The op ed author wrote, "Given the instability many witnessed, there were early whispers within the cabinet of invoking the 25th Amendment, which would start a complex process for removing the president. But no one wanted to precipitate a constitutional crisis."

"This is really unchartered territory in terms of our politics," said UC Berkeley Politics professor Eric Schickler, who notes that in the past senior officials have resigned from administrations, rather than subvert a president's actions from inside the White House, or publicly berate a president. 

Schickler says the constitution's 25th amendment provides a path for the Vice-President and cabinet to join Congress in removing a president.

"I think that what we have is kind of a political crisis than a constitutional crisis," said Schickler.

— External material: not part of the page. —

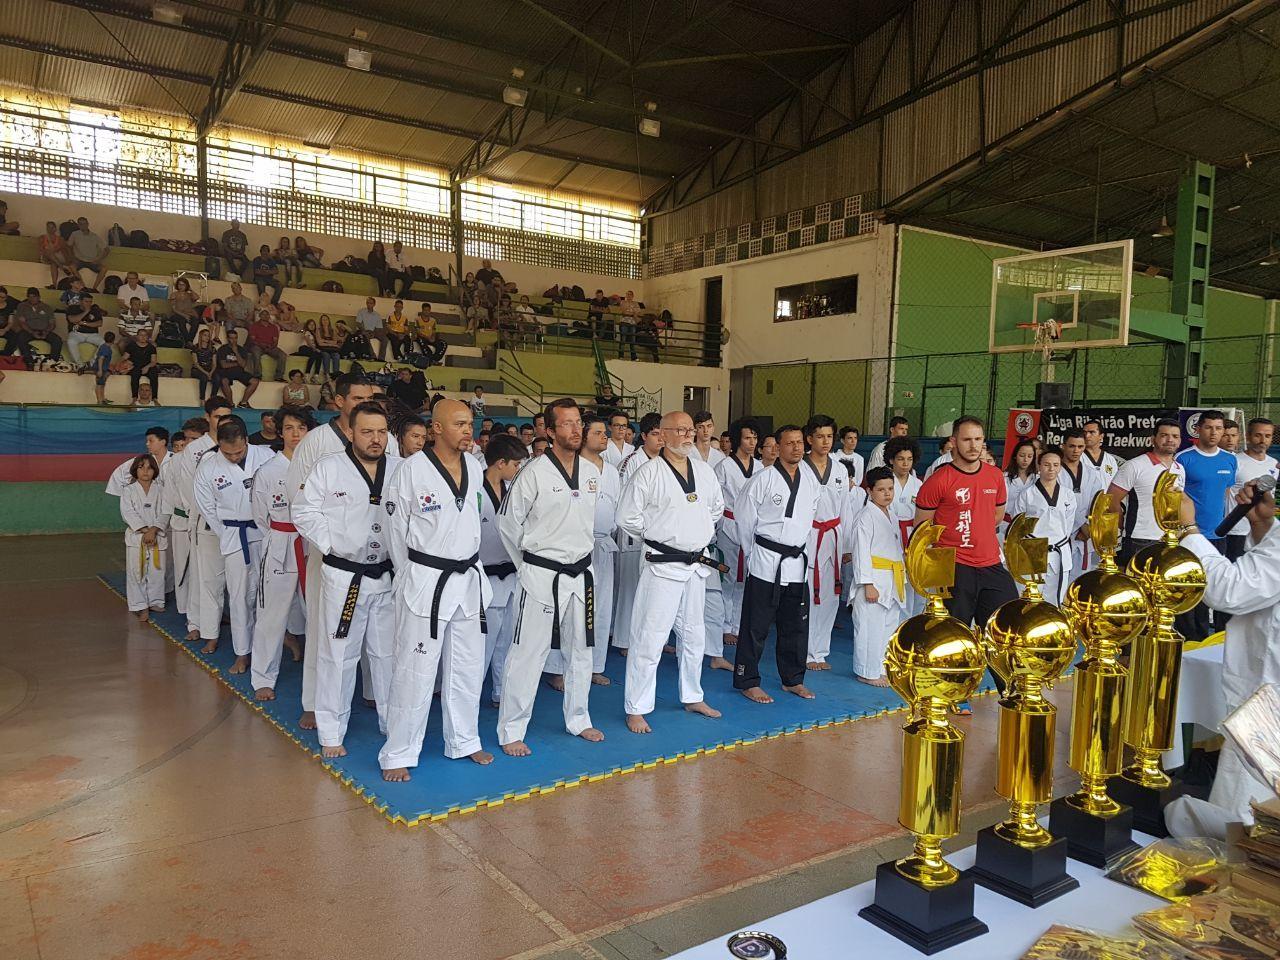 Copa União de Taekwondo Reuniu Atletas de toda Região

"If there were an effort to invoke the 25th Amendment. I think the roughly 40% of the country that are true believers in President Trump, they wouldn't believe the process. They would see it as a kind of coup..." 

Massachusetts Democratic Senator Elizabeth Warren says if senior officials believe the president is unfit, "they should stop hiding behind anonymous op-eds and leaking information to Bob Woodward" and "do what the Constitution demands they do: invoke the 25th Amendment and remove this president from office."

Former Attorney General Eric Holder says an anonymous New York Times opinion piece criticizing President Donald Trump is "alarming" but "consistent with what we have seen in previous books, in previous stories about the dysfunction of this administration."

Holder made the comments in Las Vegas Thursday while appearing with a Nevada gubernatorial candidate.

The Democrat says the focus should not be on which Trump administration official wrote the piece, but on its content. 
 
Holder says it's "also disturbing to think that you could have people who are not elected making decisions about the way in which this country is governed."

He says Democrats need to win elections in 2018 to serve as a check on the president and Republicans need to put "country before party."

A congressional ally of President Donald Trump says he thinks Congress could investigate which senior administration official wrote an anonymous New York Times opinion piece criticizing the president.

Rep. Mark Meadows, R-N.C., says he thinks the issue is "serious from a national security standpoint." He is the chairman of a House subcommittee that oversees the president's executive office and a founder of conservative Freedom Caucus.

Meadows, chairman of the conservative House Freedom Caucus, said he disagrees with House Speaker Paul Ryan, who said earlier in the day that he doesn't know what role Congress would have in investigating the opinion piece. The anonymous author claims to be part of a "resistance" to Trump.

Meadows said that "we are looking at what is proper" to investigate but said he hasn't yet taken "concrete steps."